We don't need an invisible hierarchy telling us we need to take care of this world, we have found that our very existence depends on us doing that. If that is not something to celebrate and at the same time make you humble, I don't know what is. At best, we can thank religion for an intuitive recognition of our connection to the universe and for finding a way to mythologize that intuition and encourage each generation to internalize it. But we now understand where those feelings come from and we can strip away the false parts of the belief system that are no longer functional and in fact harmful.
Next is ethics. He talks about baptism, sin, dying to sin and the resurrection and belief therein, taking up your cross, etc. I don't see any point in discussing it. The interviewer however makes an interesting comparison. He compares Plato's Republic, where reaching "the good city" is difficult, it is only dimly available to us, to how Jesus starts off the Sermon the Mount with "You are the light of the world." He and Wright think this is awesome, and who wouldn't? That is the appeal of religion. It would be a great message, if it were true. Someone is telling you how cool you are and how important you are. Then they tell you to give away all your stuff. I always wondered who actually ended up with all that stuff. The Bible doesn't mention it, but now we have accountants who can tell you.
At 53 minutes they start talking about philosophy. He summarizes the central questions that all philosophers are asking and have asked, what is there, how do we know things, and how do we behave. This is the triangle of physics, logic and ethics. He wraps them up beautifully, if you want to act ethically "and you are thinking clearly (logic) you should be able to see human behavior ought to be consonant with the way things are (physics)". He then relates this to Paul, but says Paul doesn't spell it out, but he is seeing the new way to behave, brought on by Christ, read Chapter 14 of Paul and the Faithfulness of God if you want more on that. He just overlays these claims of Paul and says they are central to the triangle. But, he says, this is not a different world, they overlap, because Jesus was here, new creation, something, something.
Wright offers a way out of fundamentalism, or he at least points to a flaw in it, that it looks for a new set of rules to live by, a way out of this world, but he offers no tools for what to do once you get away from fundamentalism. He drops you off in the new New Jerusalem, then turns the van around and goes looking for some new disciples. "Just don't sin", he yells as he drives off.
Logic and reason promise you nothing, in fact, to use them properly, you have to accept that they may lead you to discover that they don't work. The premise of naturalism is a premise, and it must be allowed to question it, or it's not a premise, it's a belief. They regularly lead you to conclusions that contradict earlier conclusions that were arrived at by logic and reason. This is not a bug, it's a feature. It is not a flaw of logic, it is the result of building on each new discovery and each new result of each new experiment arrived at using new data. Jesus just keeps leading you back to Jesus and the promise of a shining city on the hill. But it is never anymore than that, a promise.

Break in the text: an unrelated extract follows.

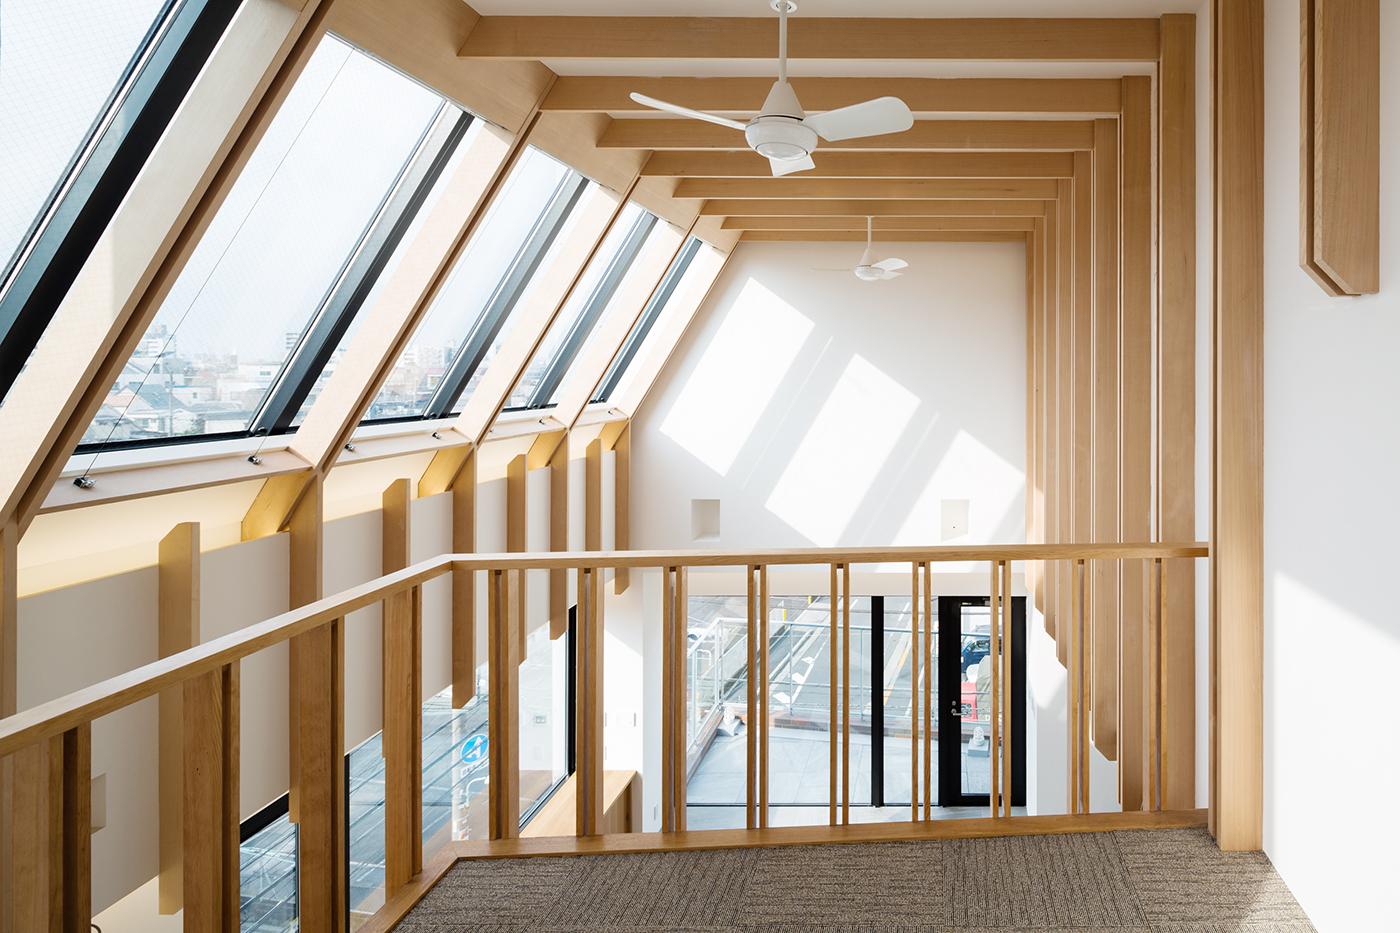 東京、品川区、神奈川県、一級建築士事務所、建築家、N&C、打ち放し、広いリビング、天井が高い、木の空間、漆喰壁、トップライト

The final question is the kicker. It makes it clear that everything I interpret from everything else he says is accurate. You have to wonder if you are getting the full picture in a one hour interview. But the interviewer allows Wright to pick his own topic and fill in whatever he wants. His choice, Jesus. Keep studying the gospels and learn about Jesus. Because we still don't understand him and can't. Intellectually or personally, you need to get back to Jesus. "Ultimately it all comes back to Jesus."